Even today the 1920 Trianon Treaty, under which Hungary lost two-thirds of its territory and 60 percent of its population, remains somewhat of a national trauma. Just this month, a monument commemorating the peace treaty was unveiled in southern Hungary.
"Hungarians clearly have in their memory that they lost their brothers at this time. This is the feeling behind [the status law]. The problem is that we live in the 21st century," says Alain Bothorel, counselor with the European Commission in Budapest. "Doing things like this revives old feelings. Coming back to ethnic issues is not good for this region."
While many European countries provide support to ethnic minorities residing beyond national borders, it is generally limited to cultural and educational assistance.
Under the status law, Hungarians living in neighboring countries will be able to work legally in Hungary three months each year. In the past decade, ethnic Hungarians, particularly from impoverished Transylvania, have been working illegally here, often as construction laborers, tolerated as second-class guests even as they have dug the foundations for Hungary's economic boom.
The EU's Mr. Bothorel sees pitfalls, saying, "Once you focus on employment and social-security benefits, you're applying some sort of extra-territoriality to your own law. And you can't do that."
The Hungarian government counters that most of the status law's benefits apply to the territory of Hungary. To obtain benefits, a person in a neighboring country will have to apply for a special identity card.
"The most problematic part of the status law is to give a kind of legal document to people who are citizens of another country," says Ferenc Koszeg, chairman of the Hungarian Helsinki Committee, a human rights organization. Furthermore, he says the question of who is Hungarian cannot readily be defined. "It's a question nobody can answer," says Koszeg. "Officially, anybody is Hungarian who says he is, because ethnicity is a question of free choice."
While European leaders have officially taken a middle-of-the-road stance on the law, Bothorel says the reason for the lack of criticism is that EU member Austria, with a tiny Hungarian minority, was dropped from the original list of countries affected.

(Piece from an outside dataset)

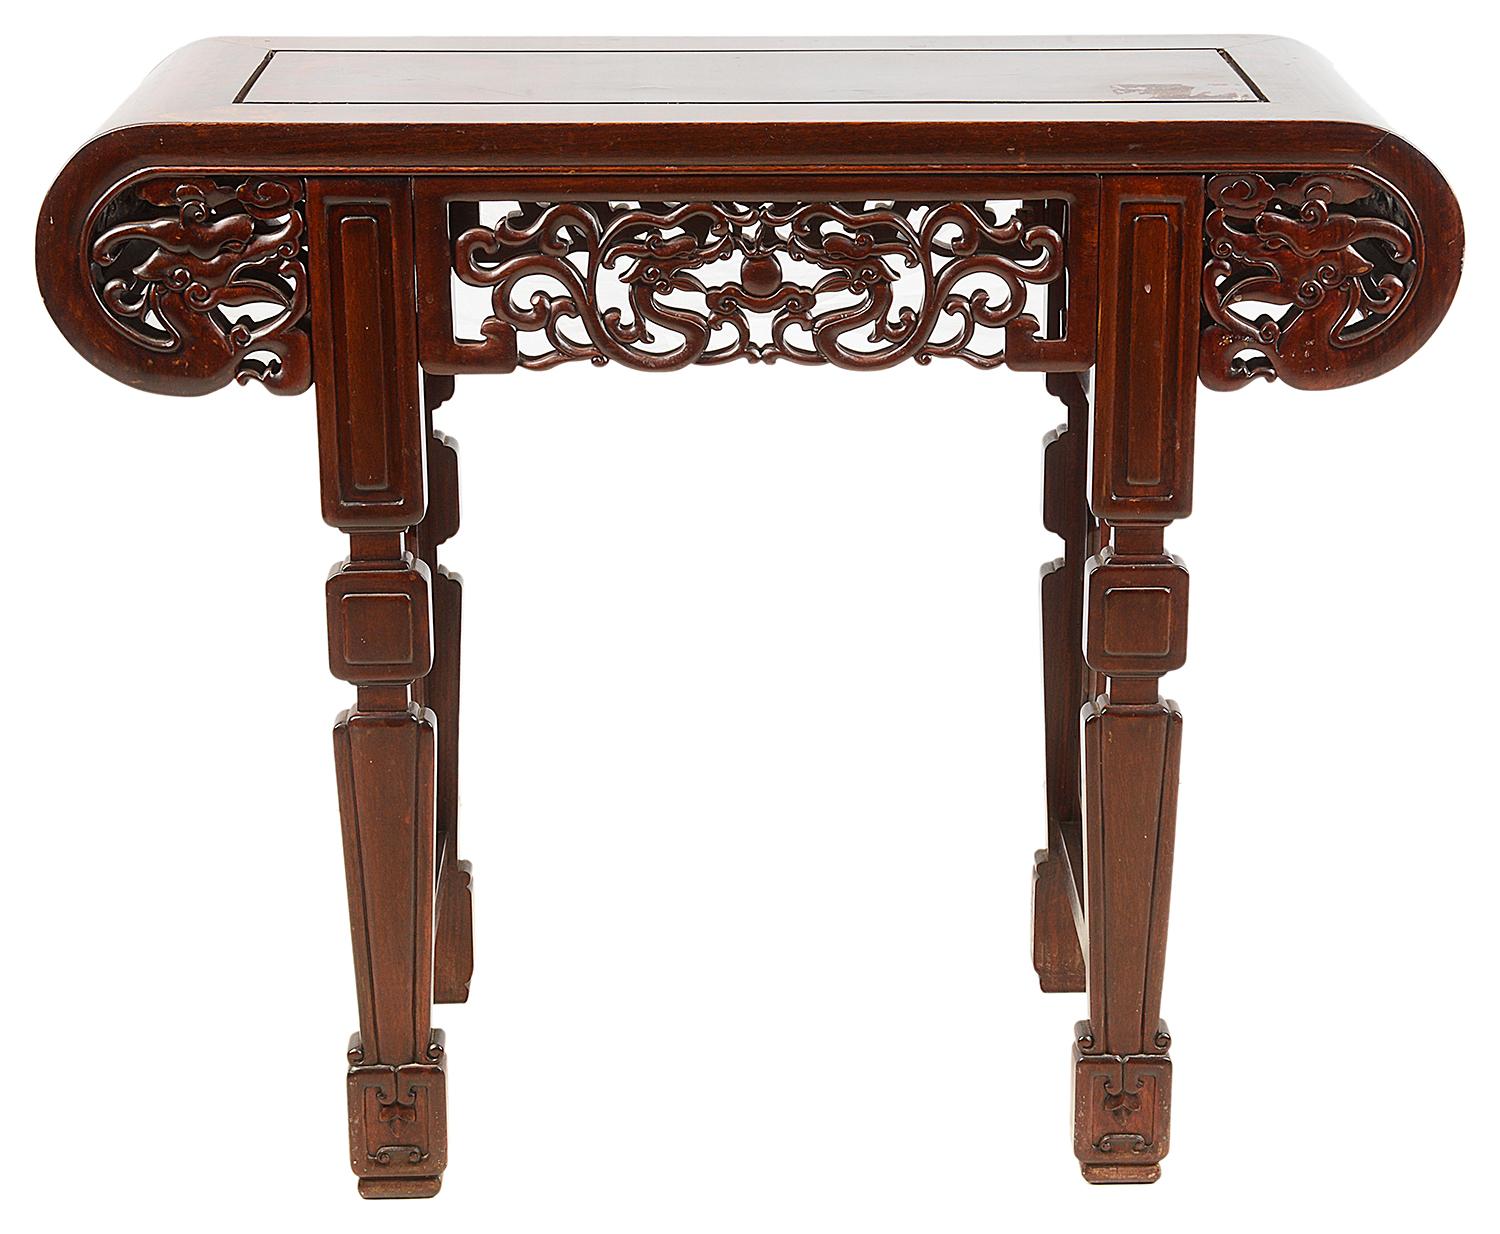 A good quality late 19th century Chinese hardwood alter table. Having carved scrolling decoration with mythical dragons to the frieze, raised on four tapering legs with raised panels within.

"For Hungary, it should have been no problem just to wait until its neighbors are in the EU," says Bothorel. That's what the EU is about - it's a union of minorities living together." He adds that once Hungary joins the EU, existing European legislation will supercede the status law, making it irrelevant." Why do they need this law?" he says. "They could have solved the issue by talking with their neighbors in the framework of bilateral agreements."
Observers say domestic Hungarian politics may have motivated the status law. With national elections next year, politicians would not want to appear negligent of their brethren abroad.

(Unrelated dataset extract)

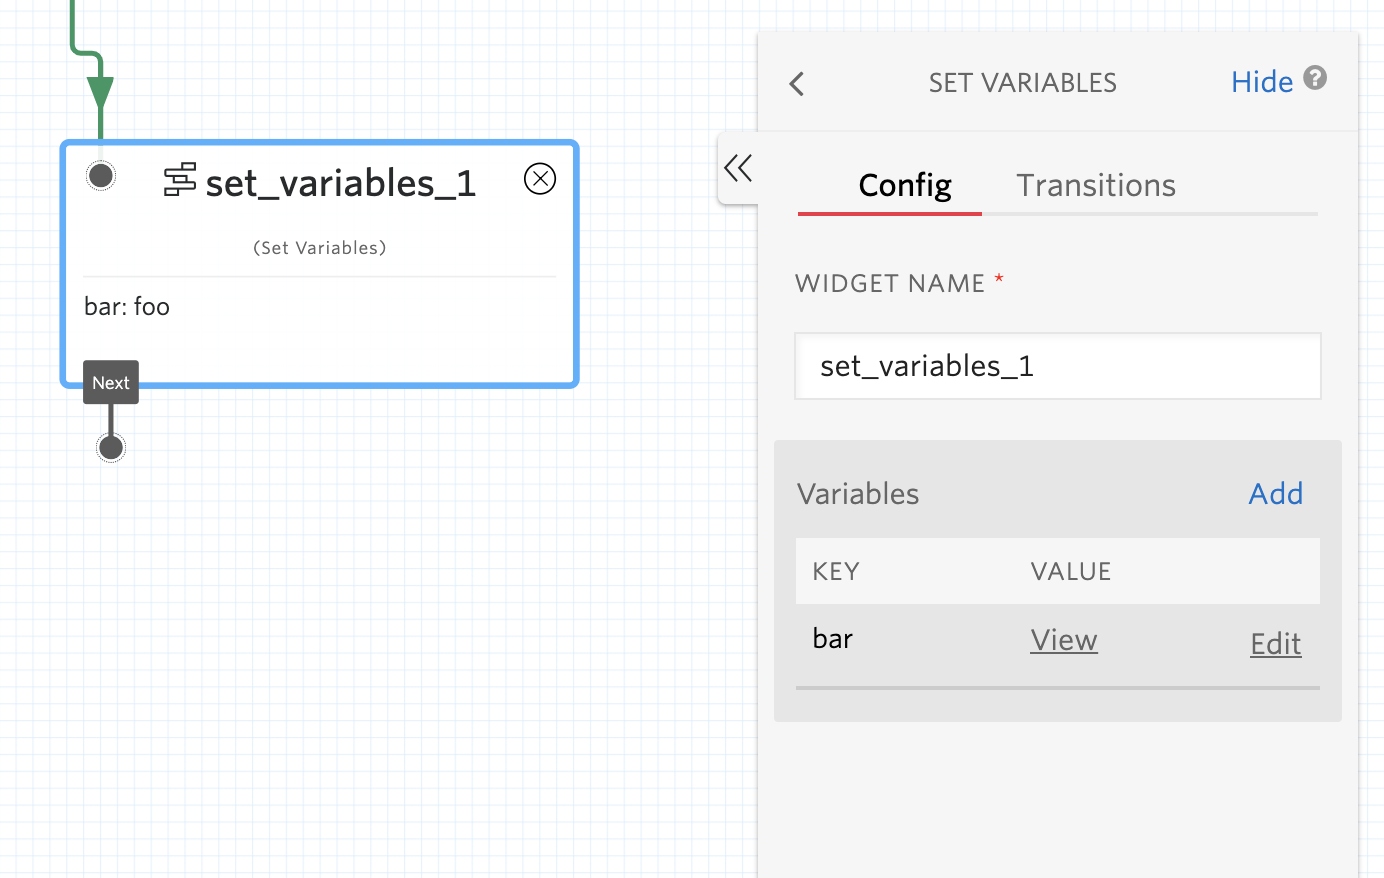 A simple Studio Set Variables widget, where the key is bar and value is foo.

Meanwhile, in the heartland of the Hungarian minority in Transylvania, people are not sure the new law will make their lives easier.
"On the one hand, it's advantageous because it helps with legal employment. But on the other hand, indirectly it creates the possibility for conflict," says Pal Peter, vice-president of the Democratic Alliance of Hungarians in Romania. "We can feel this already." Earlier this month, the Romanian government said it would propose a parliamentary debate on the status law. "Imagine the debates," says Mr. Peter. "It will give free way to nationalistic speeches with big media coverage. This isn't helping us at all."